━━━━━ DATA SHOWN ━━━━━

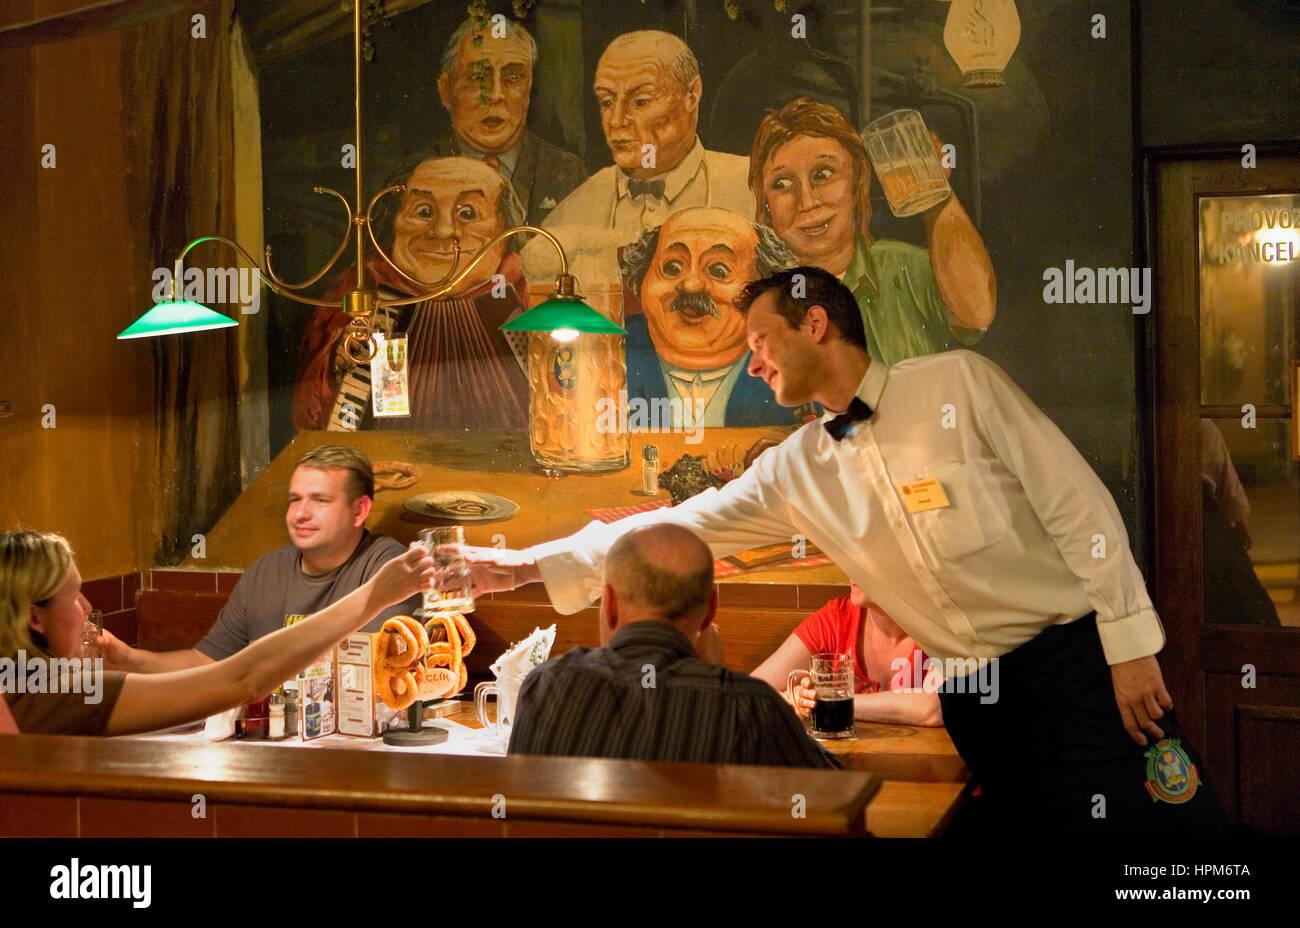 Pivovar. Brewery restaurant.20, Vodickova street.Prague. Czech Republic - Stock Image
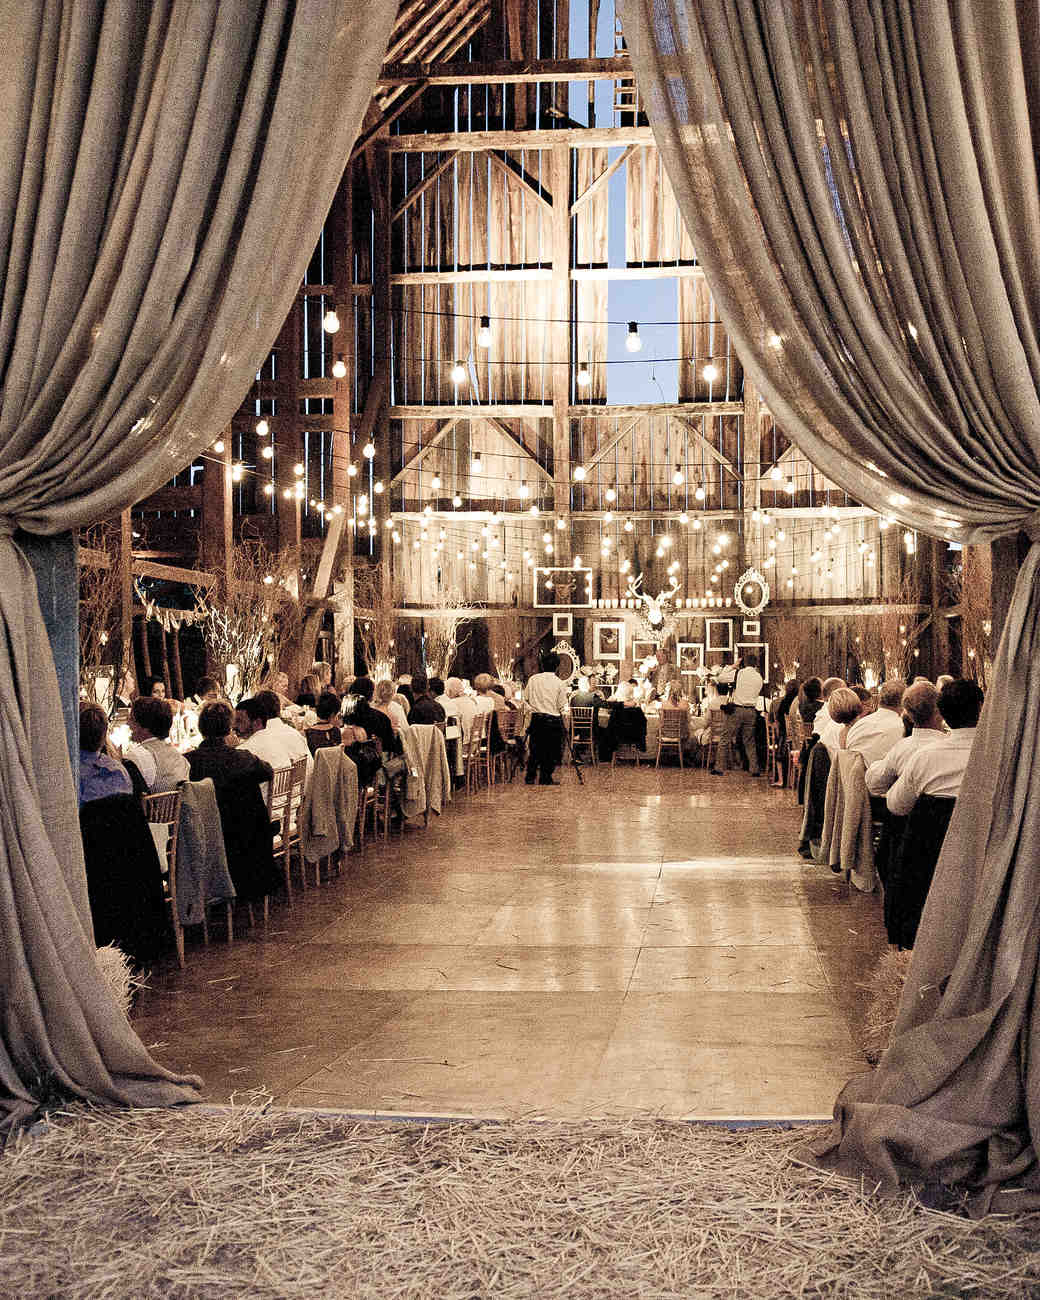 A Vintage Rustic Wedding In A Barn In California
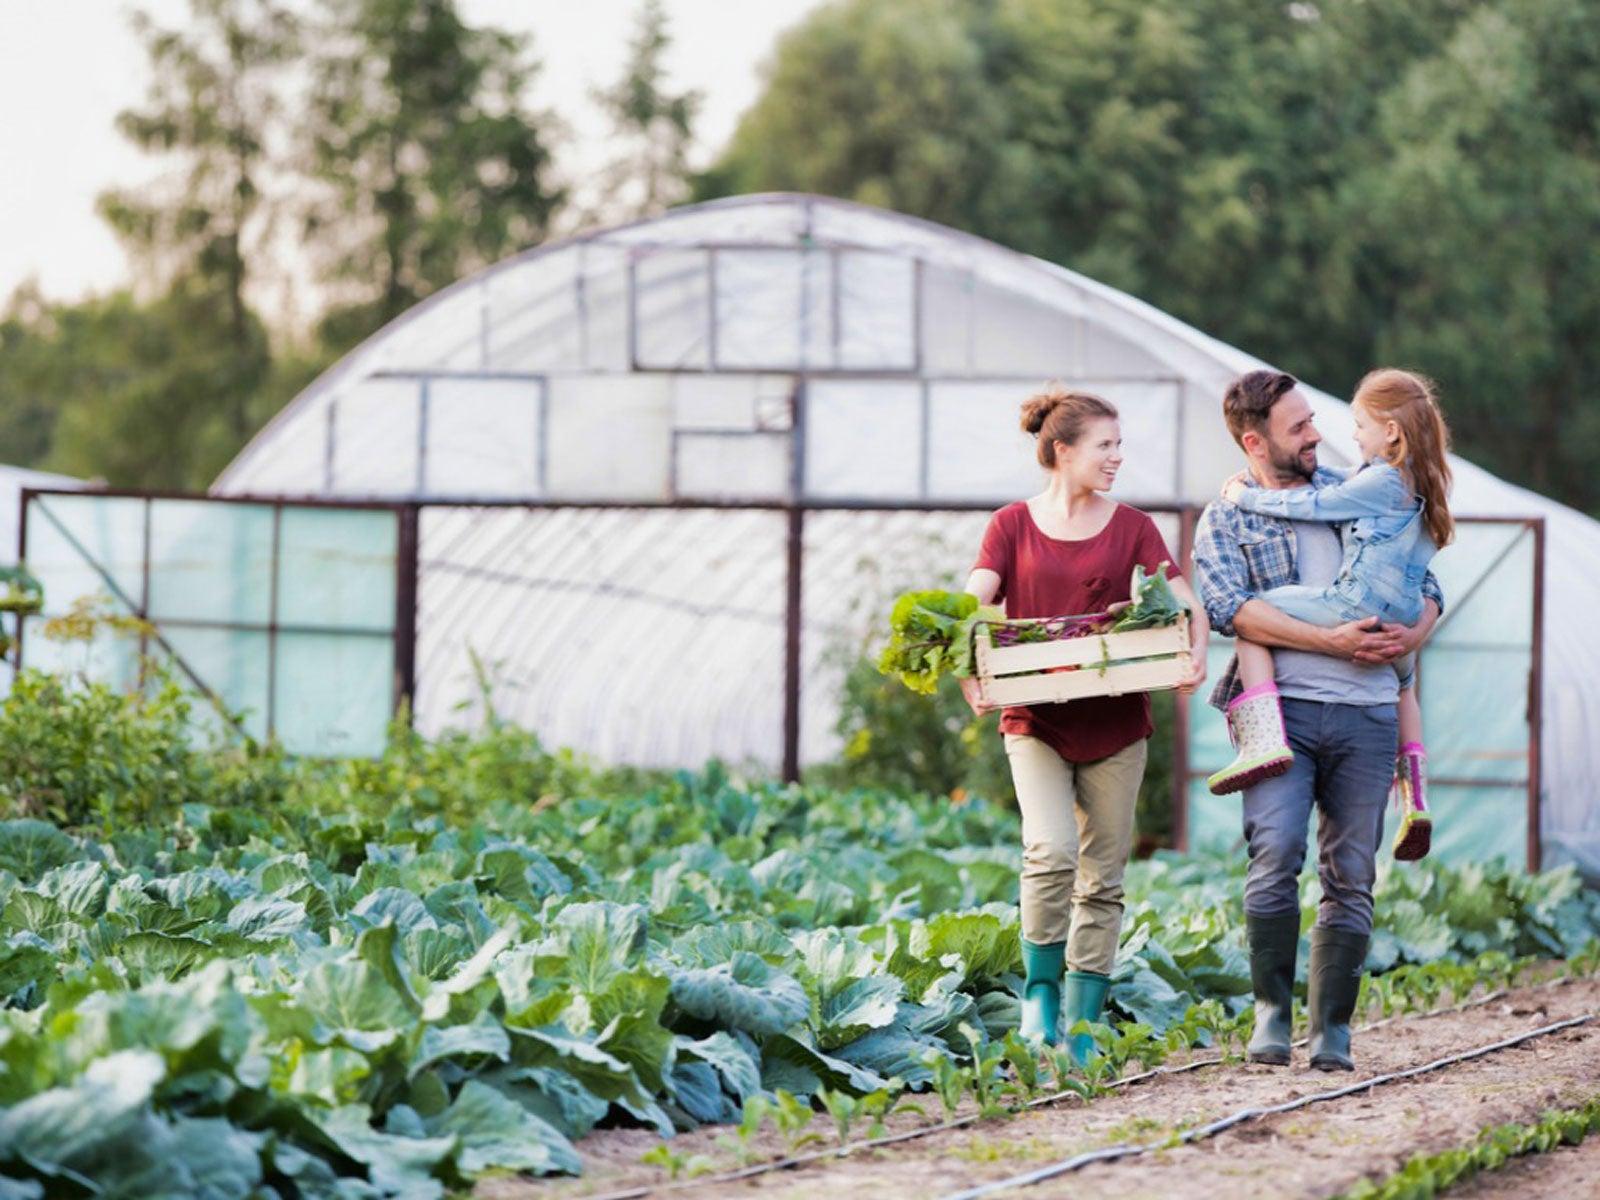 Small Backyard Farm Learn The Basics Of Starting A Small Farm

━━━━━

▸ **WHAT THE EXERCISE ASKS**: Copy the listing above verbatim, leaving out pictures.

▸ **EXPECTED ANSWER**:
 Pivovar. Brewery restaurant.20, Vodickova street.Prague. Czech Republic - Stock Image
 A Vintage Rustic Wedding In A Barn In California
 Small Backyard Farm Learn The Basics Of Starting A Small Farm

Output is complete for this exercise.